On this page you can view a number of sample photos, the index, and the book's text.
Helga Geyer-Ryan
THE PAINTER'S UNIVERSE OF PETER KEIZER
(translation Jane Hall)
The painter Peter Keizer's life-story could start like this:
Once upon a time there was a little boy called Peter who lived in Amsterdam. His father was the painter Jerry Keizer and the little boy wanted to be a painter too, since it was clear that anyone called Keizer was sure to be a high-flyer. As high as Peter's grandfather, Grandpa Grape, had flown in the thirties when he was known in England as "the Flying Dutchman" and as "de vliegende keep" (or Flying Keeper) in Holland. Because Grandpa Grape, whose real name was Gerrit Keizer, was goalkeeper at Ajax in Amsterdam and at Arsenal in London at the same time. He didn't just fly through the air in front of goal, he flew backwards and forwards between Holland and England every week. Later he became a greengrocer and every time he visited his grandchildren, he brought some grapes and so was called Grandpa Grape.
Grandpa Grape is immortalised in "Hommage aan opa Druif" ("Homage to Grandpa Grape" picture nr.100) from 1996. It is a gigantic triptych, or rather a pentatych, as two panels depicting hands (the keeper's hands?) hold the triptych together from either side. It now hangs in Ajax ArenA Stadium. The paintings created in line with this homage are of fairy-tale goblets in the softest of shades (nr.97-99).
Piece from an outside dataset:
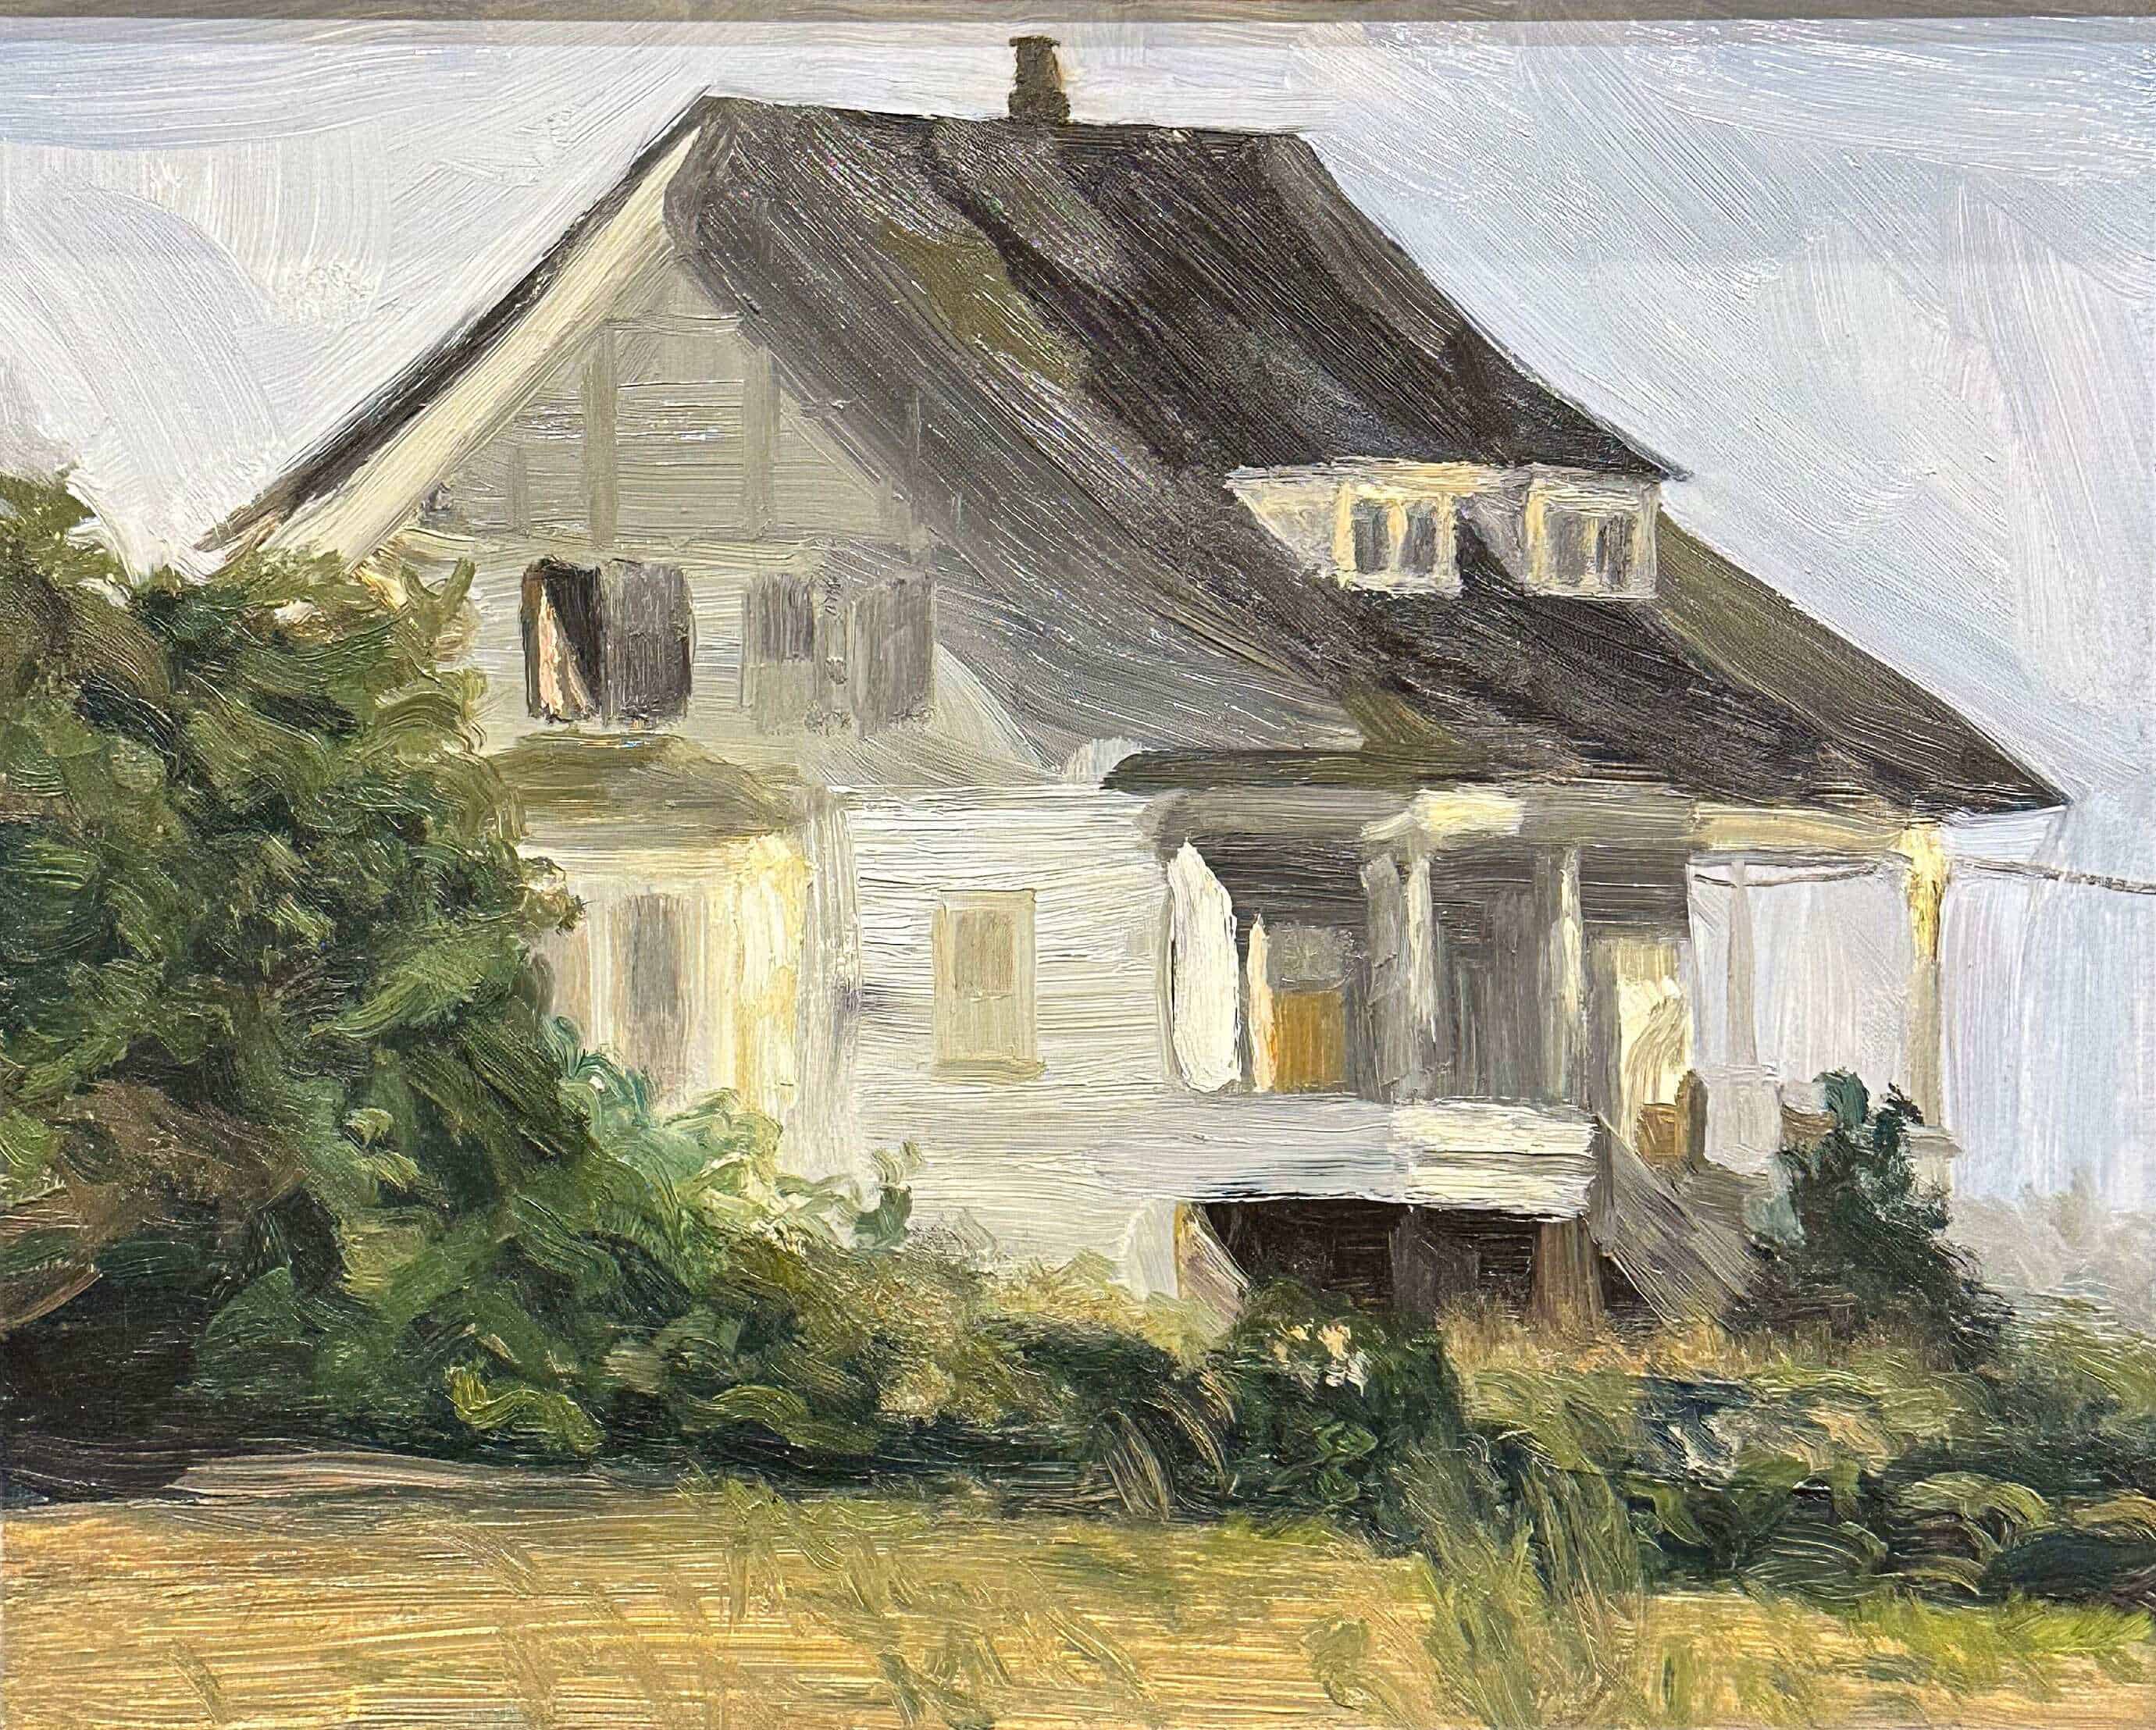 Contemporary art. Title: Abandoned House, Oil on Wood, 9 x 11 in by Canadian artist Paul Chizik.

It is now clear what the sum of Peter Keizer's painting work defines: the emotional involvement in his own experiences and life-story.
From an early age Peter Keizer wanted to join his father in the studio. He wanted to help his father and start working himself. But the greatest pleasure, says Jerry Keizer, came from taking the small paintings his father had rejected off their frames and then to see something new created from nothing. This dual aspect of creation and destruction sets the tone for Peter Keizer's work. Love is coupled with the associated health-risks (nr.70-72), the cuddly teddy bear is the prize for a shot hitting the target (nr.51-56); the dog is shown as a cherished pet (nr.2-4,129-130) and as aggression armed to the teeth (nr.9-10).
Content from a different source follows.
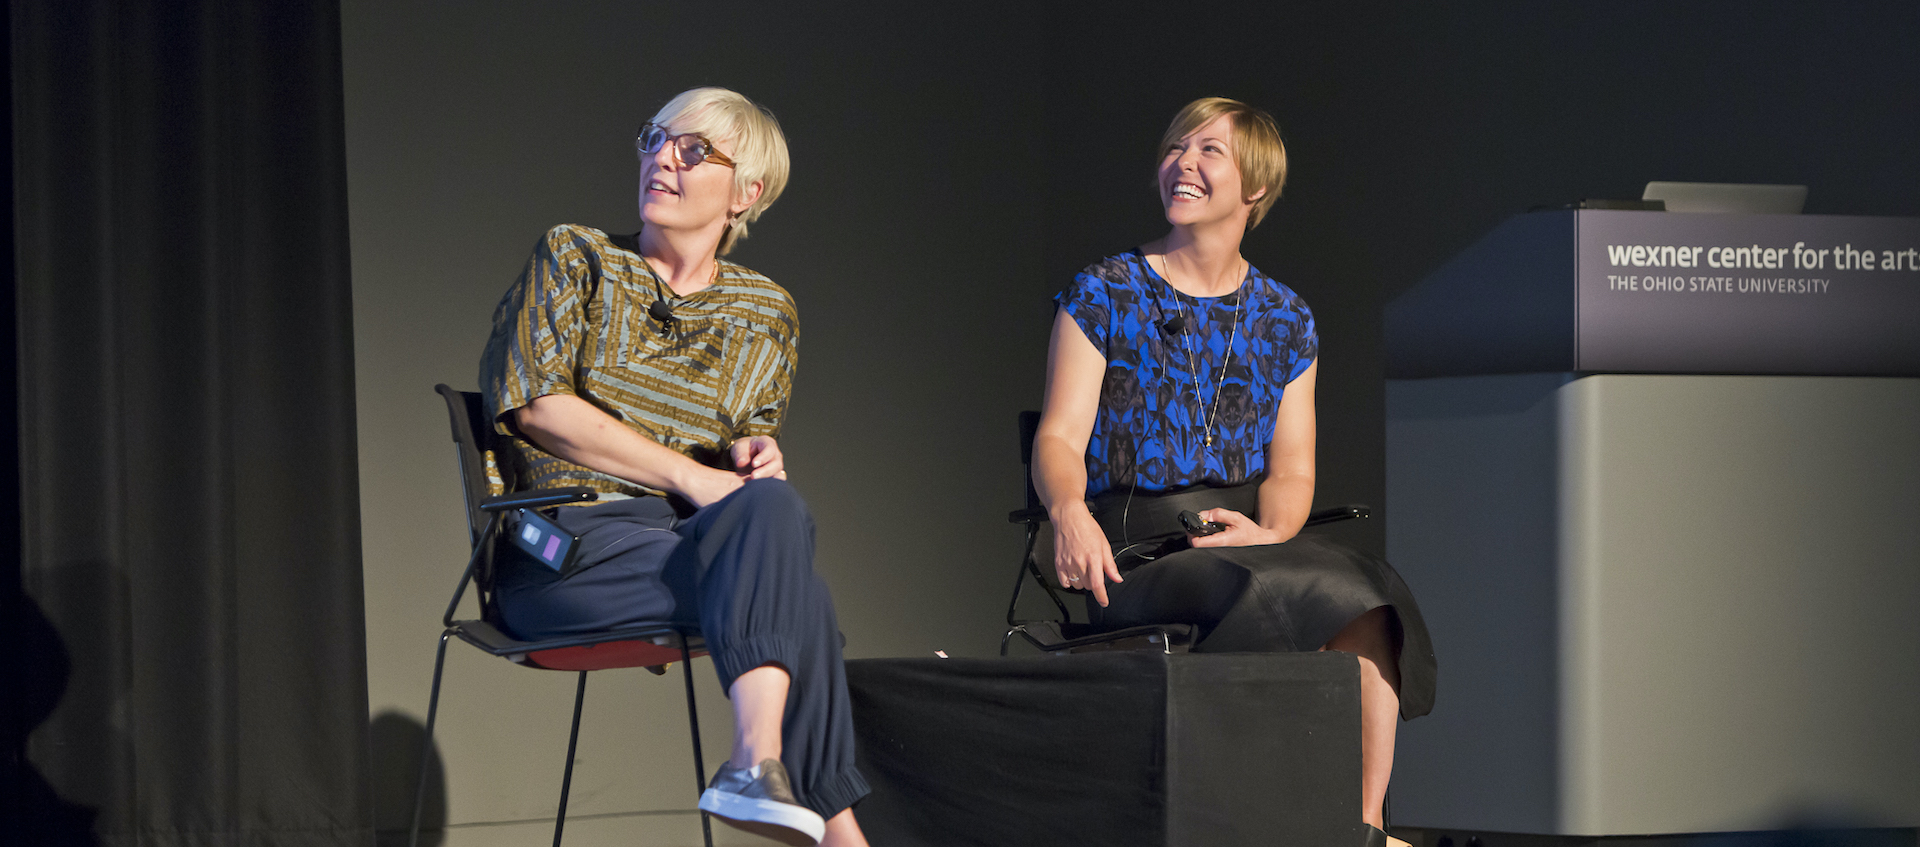 Helen Molesworth and Ruth Erickson at the Wexner Center for the Arts

This sort of ambiguity is associated with the zodiac sign of Gemini: Peter Keizer was born on June 16th 1961. Moreover June 16th is Bloom's Day, the day on which Leopold Bloom from Joyce's U l y s s e s wanders through Dublin like Odysseus once roamed around the Mediterranean. "Always on the move", this can be said of water in the rivers and seas, whether it's the Liffey, the Amstel, the Mediterranean Sea or the Atlantic Ocean. Movement leaves traditions behind, it is change, putting things in perspective, criticising and destroying the old. These attitudes can be found in Peter Keizer's paintings in their irony, humour, and love for the small, the insignificant and trivial. Irony is an attitude that transfers or "trans-ports" the pictorial traditions of exalted themes to the world of ordinary,everyday things. The universe of his work primarily consists of objects and these objects belong to the most concrete things of daily life.No historical panoramas, no landscapes, no architecture, no nudes, no portraits, no group scenes, no allegories, no mythologies, no cities, no stars.
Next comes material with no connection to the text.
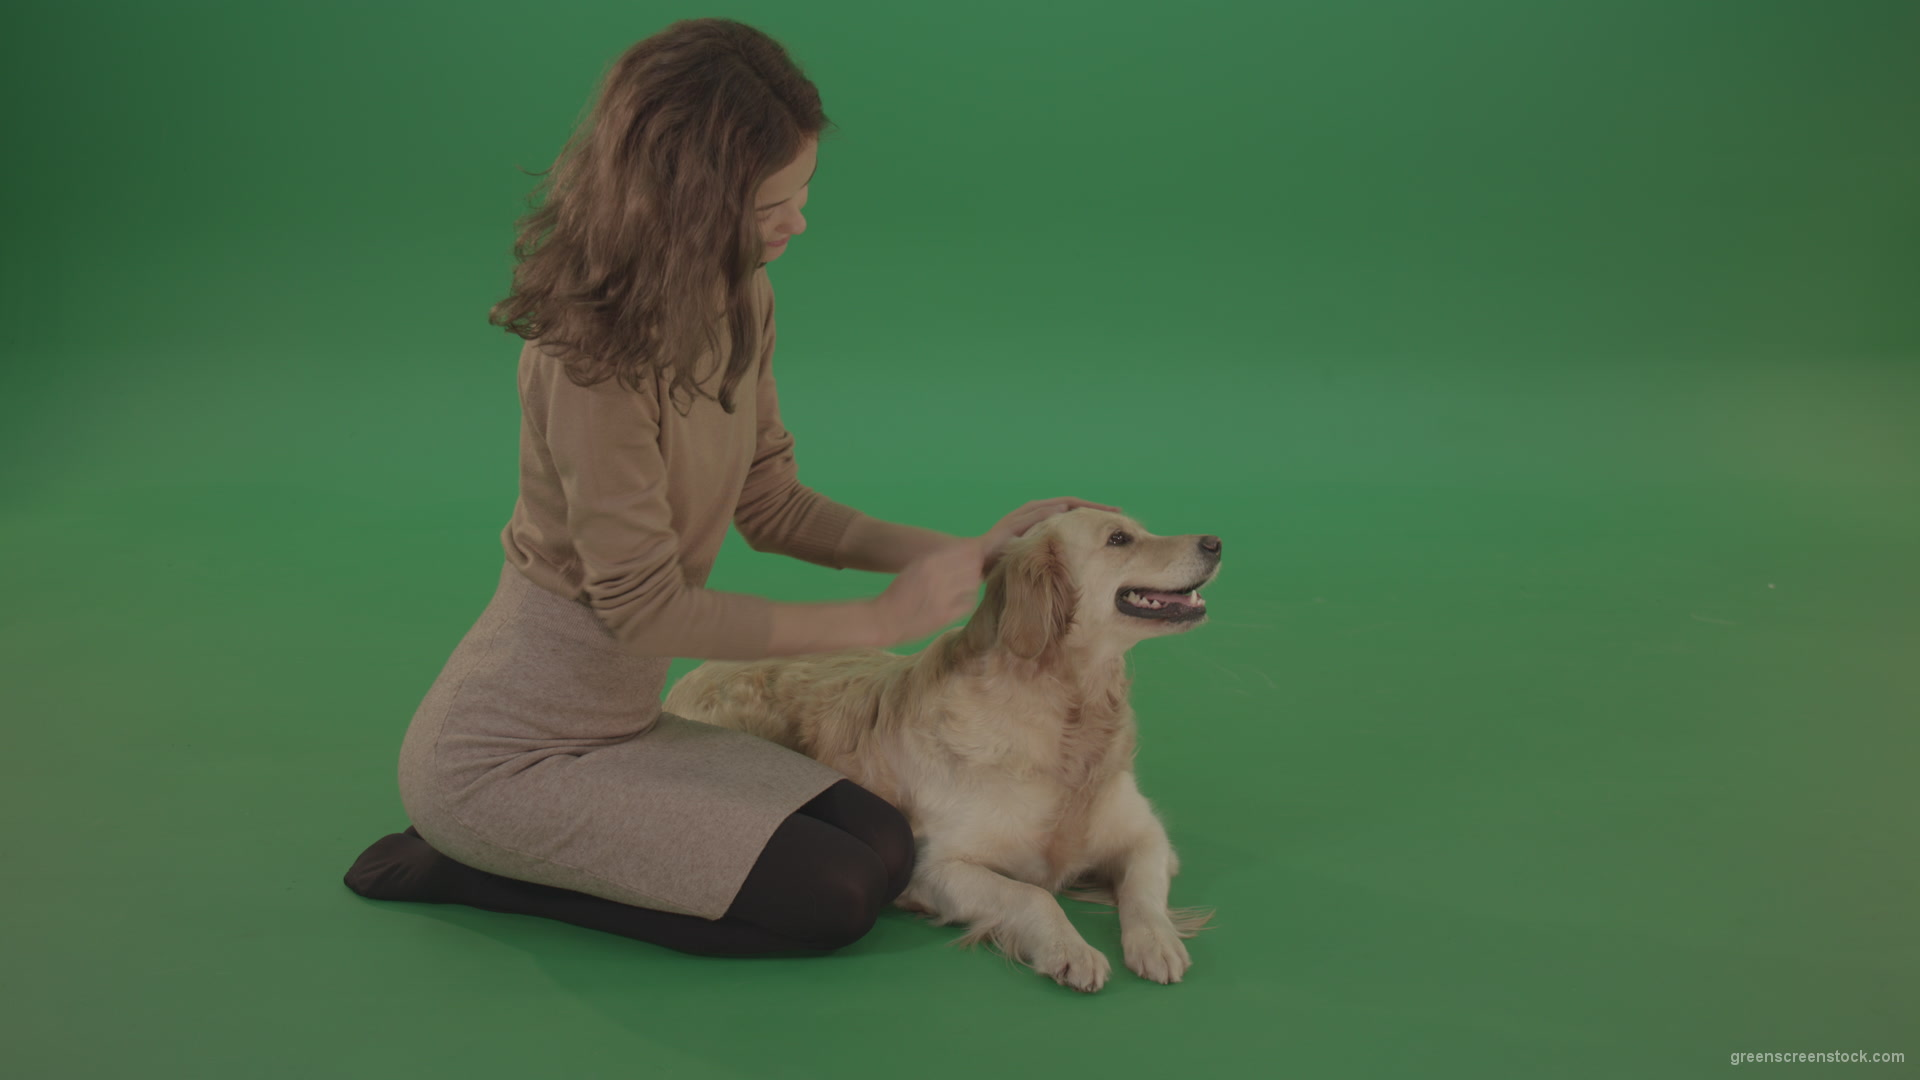 Young-Girl-stroke-the-dog-golden-retriever-big-puppy-isolated-on-green-screen-background_005 Green Screen Stock

For Peter Keizer, it is the objects that are central to the paintings rather than the meaning of the subject. The importance of the object is emphasized not only in psychoanalysis, but also sociology (Bruno Latour), semiology (Roland Barthes) and philosophy (Martin Heidegger, Walter Benjamin). In "Vom Ursprung des Kunstwerks" Heidegger classifies objects in the world into the things (nature), tools (products made by people from things that are necessary to survival such as machines) and works of art. Because of their usefulness, the truth about tools and things is usually hidden from sight, but it is revealed in works of art. Things and tools give testimony to man's actual state of being; they are the manifestation of the relationships of man with man and of man with nature. Heidegger uses the example of Van Gogh's farmer's shoes to illustrate this. An understanding of mankind in the world lurks behind their usefulness.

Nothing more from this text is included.